The Constitution provides that every elector shall reside in the State of North Carolina for one year and in the precinct, ward, or other election district in which he offers to vote four months next preceding the election. Art. VI, sec. 2. In Hannon v. Grizzard, 89 N.C. 115, it is said: "Residence, as the word is used in this section in defining political rights, is, in our opinion, essentially synonymous with domicile, denoting a permanent as distinguished from a temporary dwelling place. There may be a residence for a specific purpose, as at summer or winter resorts, or to acquire an education, or some art or skill in which the animus revertendi accompanies the whole period of absence, and this is consistent with the retention of the original and permanent home, with all its incidental privileges and rights.
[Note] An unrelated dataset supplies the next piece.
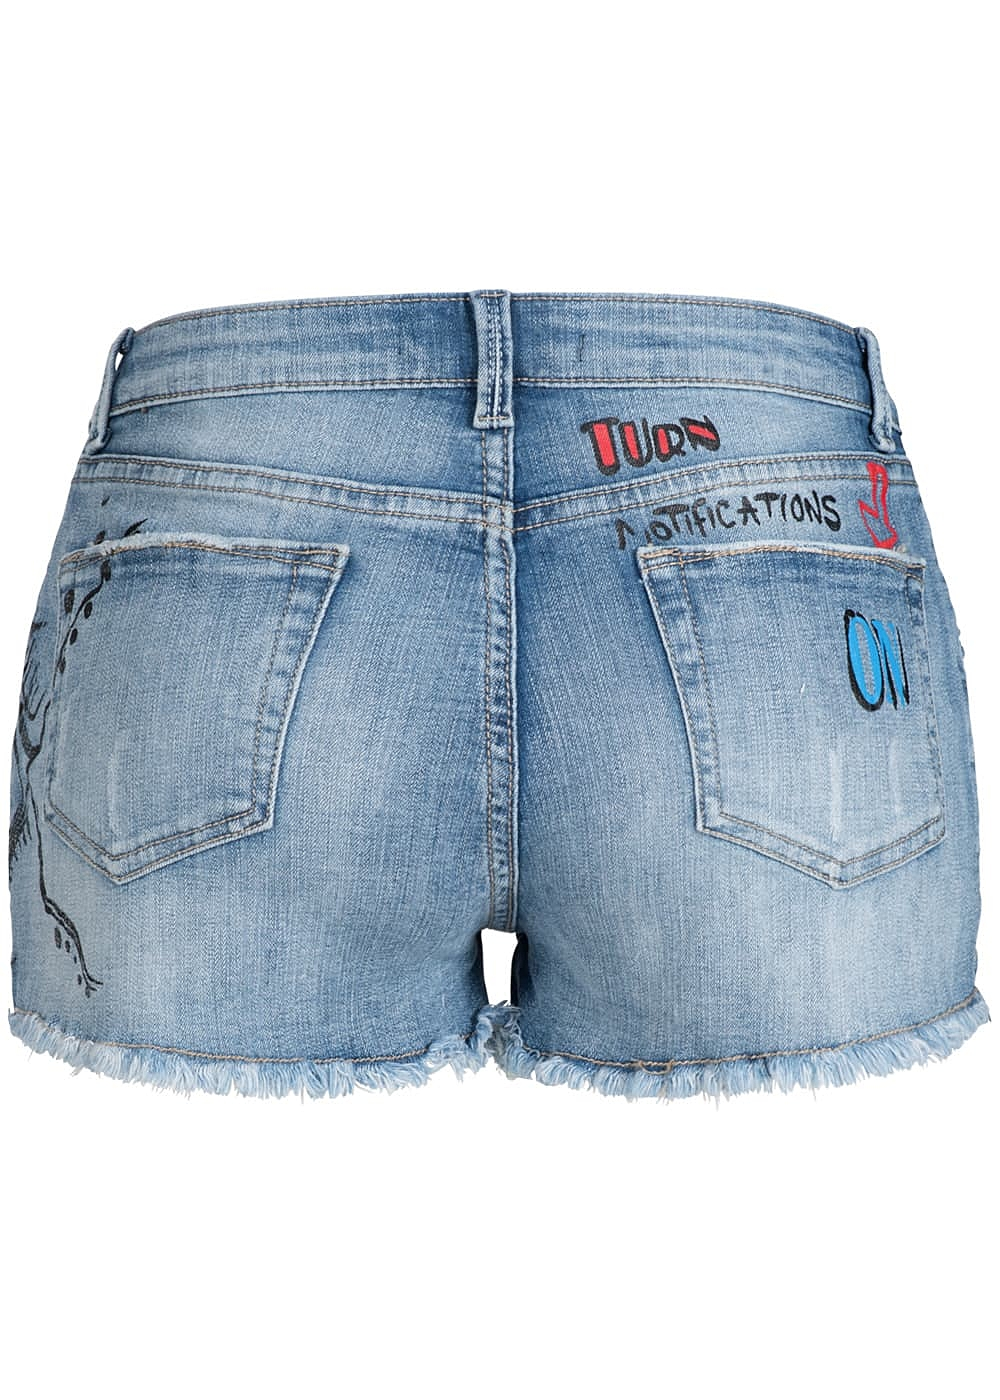 574ea152dbfdd7 Hailys Damen Jeans Short Fransen Comic Art Print destroy look blau ...

Domicile is a legal work and differs in one respect, and perhaps in others, in that, it is never lost until a new one is acquired, while a person may cease to reside in one place and have no fixed habitation elsewhere." And in Reynolds v. Cotton Mills, 177 N.C. 412: "Domicile is of three sorts — domicile by birth or of origin, by choice, and by operation of law. The first is the common case of the place of birth; that second is that which is voluntarily acquired by a party; the last is consequential, as that of the wife arising from marriage. It is universally held, and clearly so by this Court, that in order to constitute a domicile by choice, two essential things must concur, which are `residence' and `intent' to remain at the place for an indefinite period."
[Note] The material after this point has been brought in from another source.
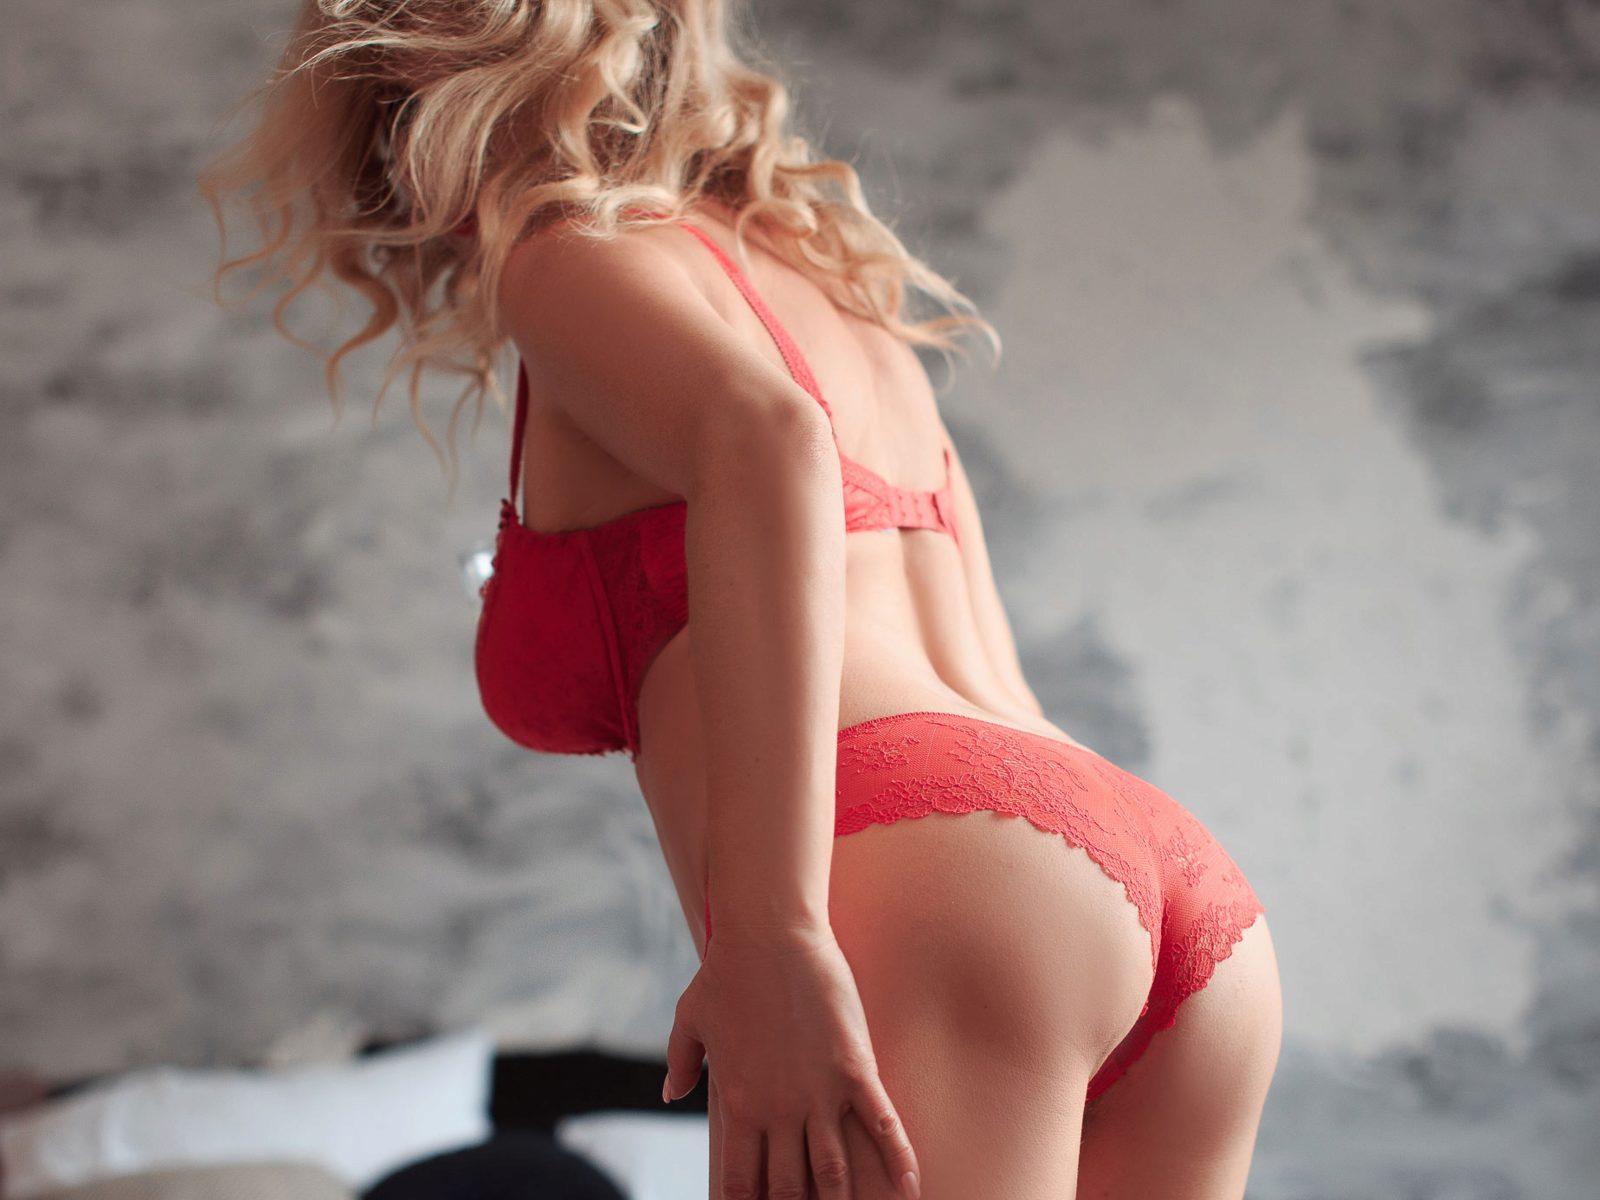 Julie marie berman nude cottage adult galerry abuse

Obviously for the purpose of meeting this requirement the defendant inquired of several of the teachers who had testified whether it was their purpose to make Clayton their legal residence when they went there and when they voted. The plaintiff's objection to those questions was sustained and the defendant excepted. Each witness would have given an affirmative answer. In this ruling there was no error. A legal residence, under the cases cited, was prerequisite to a right to vote. But the question was framed in such way as to involve matters of law as well as of fact and to leave with each witness the implied right to determine for *Page 699 herself what elements are essential to the correct definition of a legal residence. Each one might have concluded that her presence in Clayton during the school terms was sufficient to constitute a legal residence for the purpose of voting without an intent to remain there at any other time or for any longer period, or each one may have differed from the others in her estimate and understanding of the phrase. In the questions no rule was laid down or suggested as a basis for any fixed uniformity in giving an answer. Exceptions, 4, 1, 13, 14, 18-20, 22, 27, 29-31, 33 and 42 are overruled. Exceptions 16, 17, 32, 36, and 37 set forth no sufficient cause for a new trial; and as to those numbered 35, 38, and 39 it may be said that if the evidence had been admitted it could not, upon undisputed facts, reasonably have become a factor in changing the result.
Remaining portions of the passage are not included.